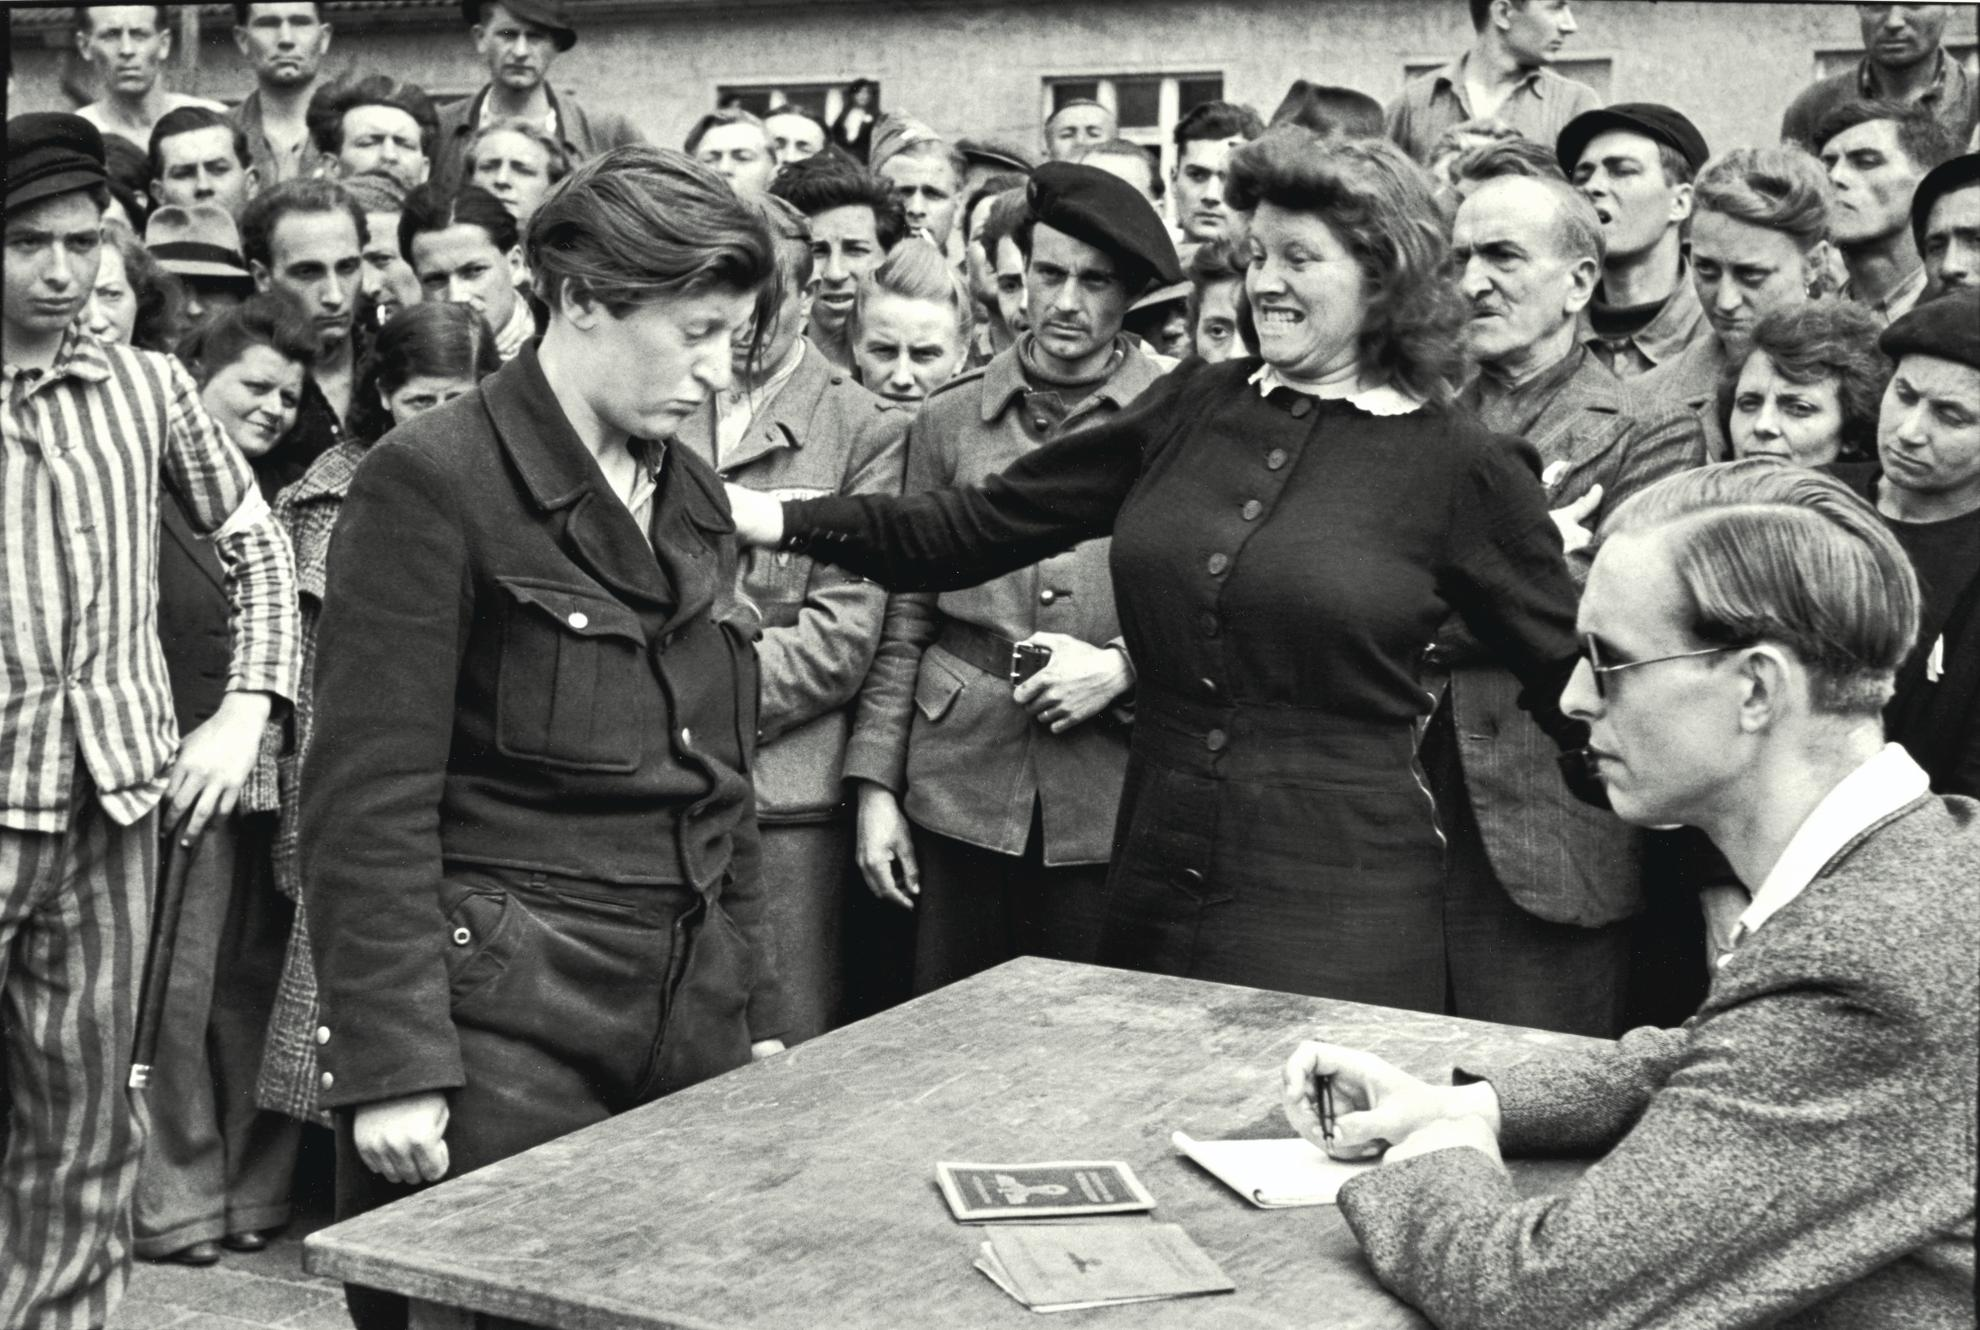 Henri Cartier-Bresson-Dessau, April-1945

* * *

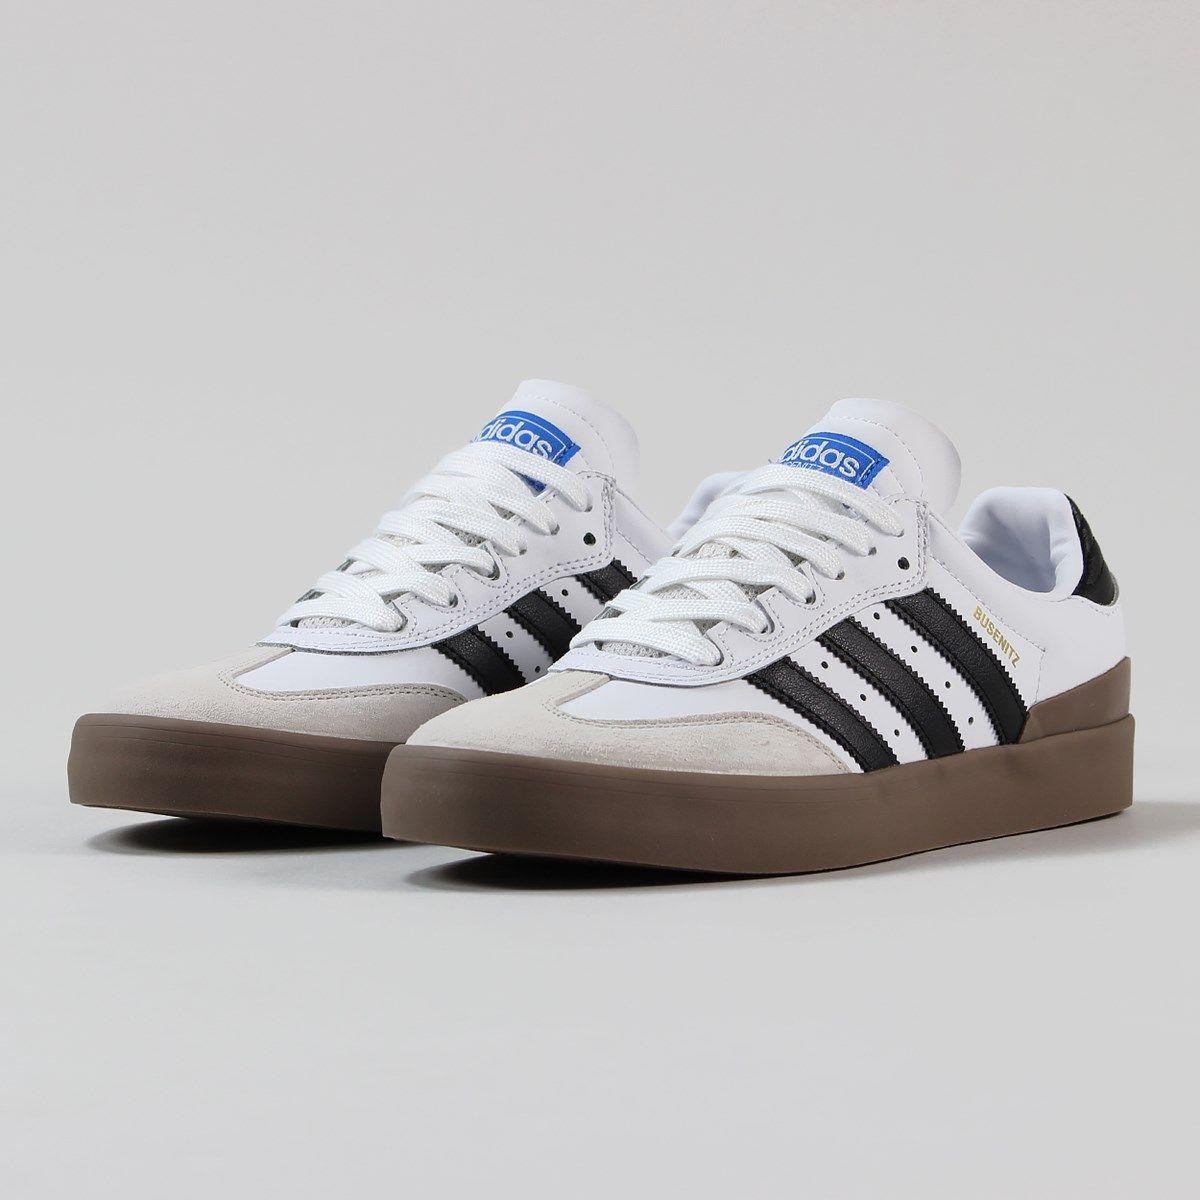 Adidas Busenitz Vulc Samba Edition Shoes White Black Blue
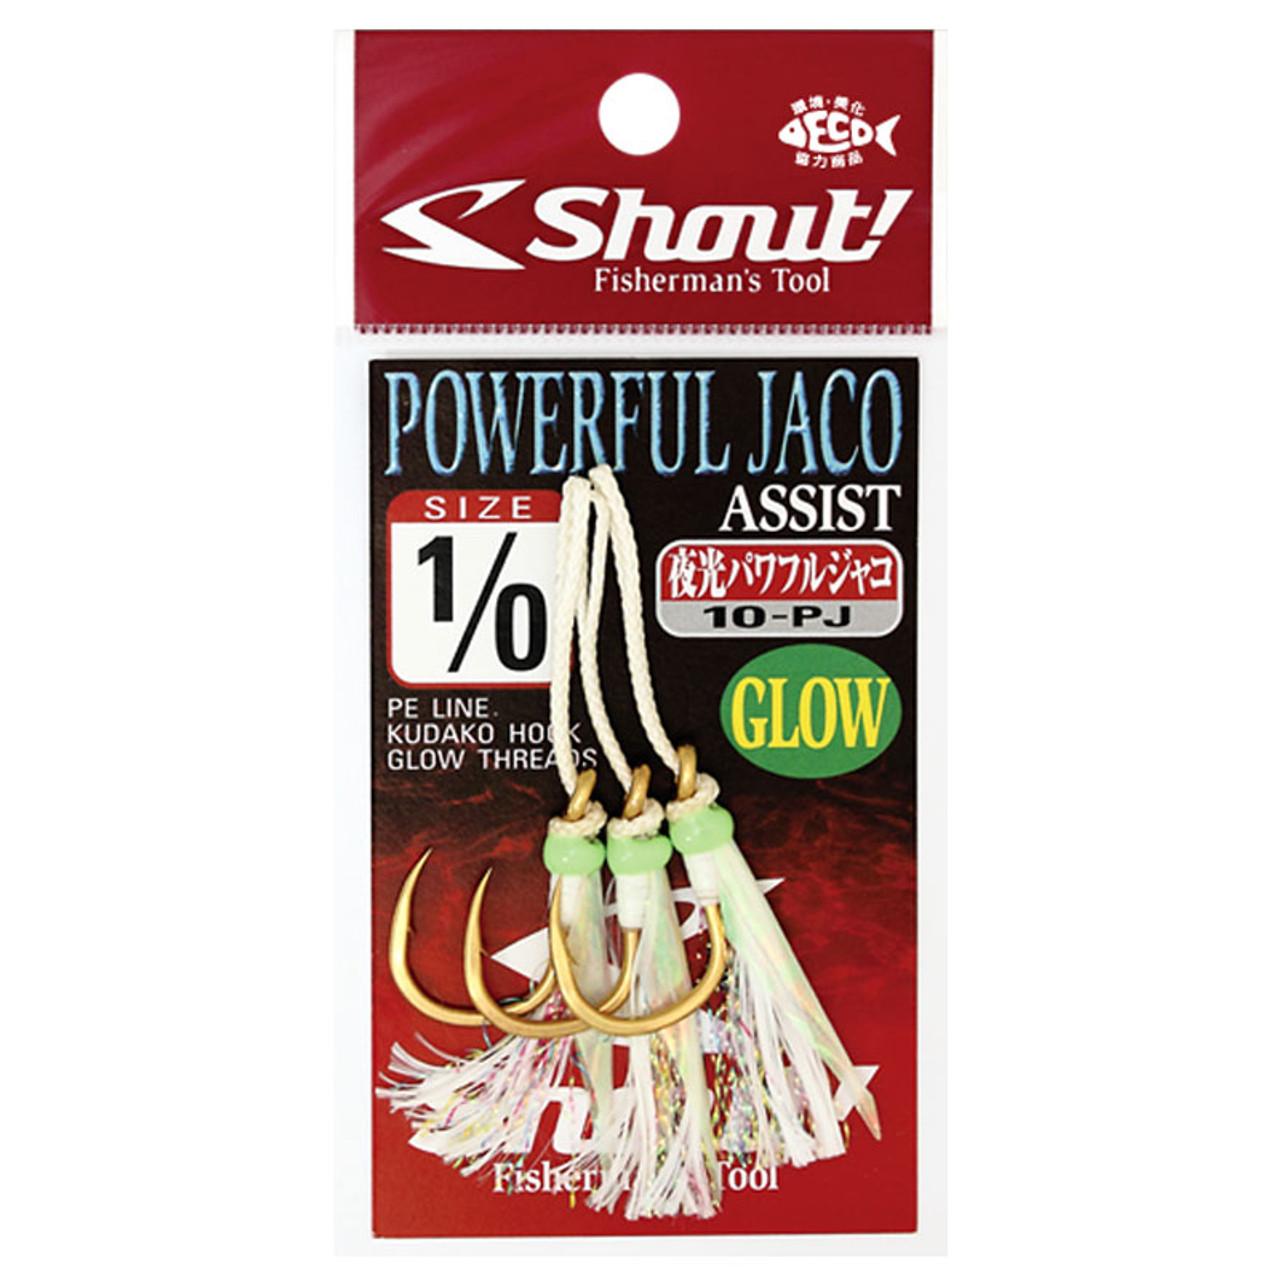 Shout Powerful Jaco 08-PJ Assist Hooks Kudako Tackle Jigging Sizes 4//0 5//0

**Task to carry out**
After locating "Adidas Busenitz Vulc" and "Shout Powerful Jaco" in the records above, return exactly the line holding each one and every line between them; leave out the pictures.

**Exercise output**
 Adidas Busenitz Vulc Samba Edition Shoes White Black Blue
 Shout Powerful Jaco 08-PJ Assist Hooks Kudako Tackle Jigging Sizes 4//0 5//0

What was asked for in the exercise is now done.